# blackwater extract



## fiveo93 (Jan 19, 2004)

anyone try using blackwater extract? any way to make it last?


----------



## The Wave (Oct 22, 2003)

I tryed this product and i give it a







with no carbon,and used twice the amount,it only slightly tinted the water,and was gone in a few days,if anyone knows of a good brand to try,please share


----------



## rufus (Jan 6, 2004)

make sure you dont have any carbon, otherwise it clears up in a day


----------



## SLANTED (Dec 7, 2003)

I've tried a bunch of brands of BW extract and they all seem to only dark the water temporarily, maybe for a week max if you have no carbon in your tank. I still use it because it still adds vitamins and nutrients into the water.


----------



## RhomZilla (Feb 12, 2003)

SLANTED said:


> I've tried a bunch of brands of BW extract and they all seem to only dark the water temporarily, maybe for a week max if you have no carbon in your tank. I still use it because it still adds vitamins and nutrients into the water.

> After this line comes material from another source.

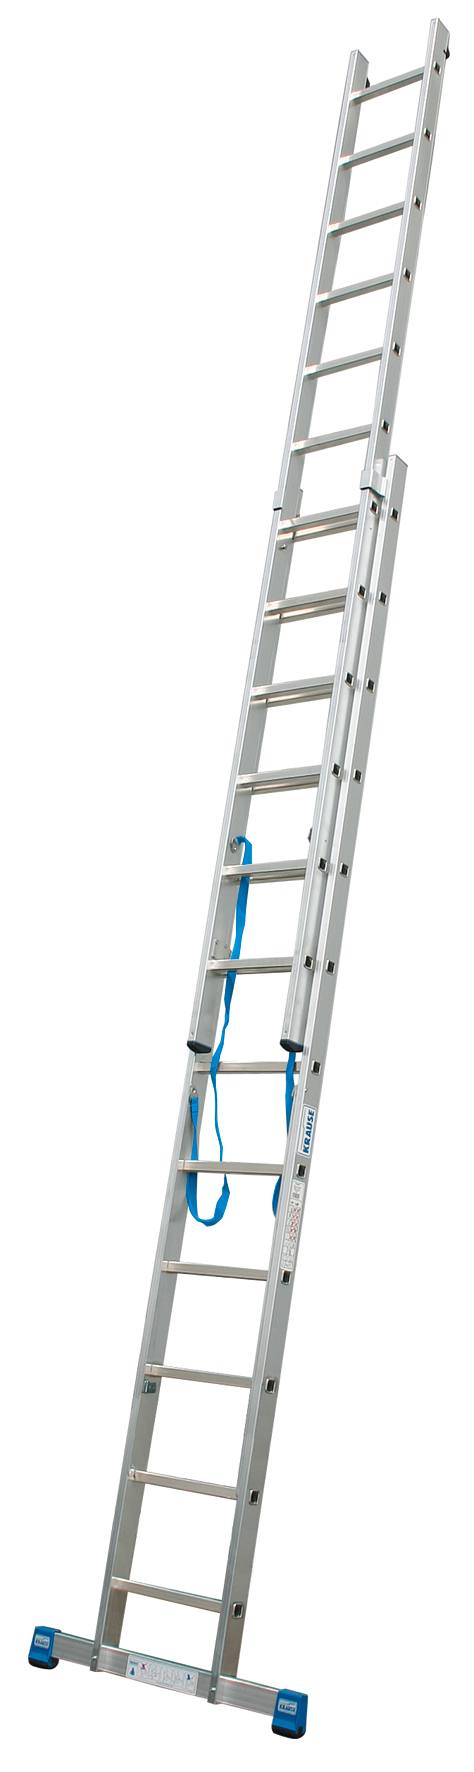 Дополнительное изображение Krause Stabilo лестница алюминиевая двухсторонняя (2х12 ступеней)

 Dont forgett it also messes up the PH.


----------



## The Wave (Oct 22, 2003)

RhomZilla said:


> Dont forgett it also messes up the PH.










what do you mean mess it up ? if anything it may bring it down very slightly,but did not mess it up,infact at twice the amount ,it did not change my ph at all.


----------



## Grosse Gurke (Jan 3, 2003)

Here is what I do. I have a 40 gallon tub with a emp400 running. I have some wood in there...dont know what kind though..this creates some really dark water for me. I use it when my tank needs topping between water changes and it really darkens the water. The water in this tub looks like rootbeer...it is that dark. I got this idea when I added the wood to the tub to make it sink and the water got so dark it was great. I dont really have room in my tanks for the wood so I just use the water...and then fill the tub back up when I do water changes.
This water will darken the water so much better than bwe ever has. I run a filter on the water because it you just let it sit it starts to smell and becomes stagnent....


----------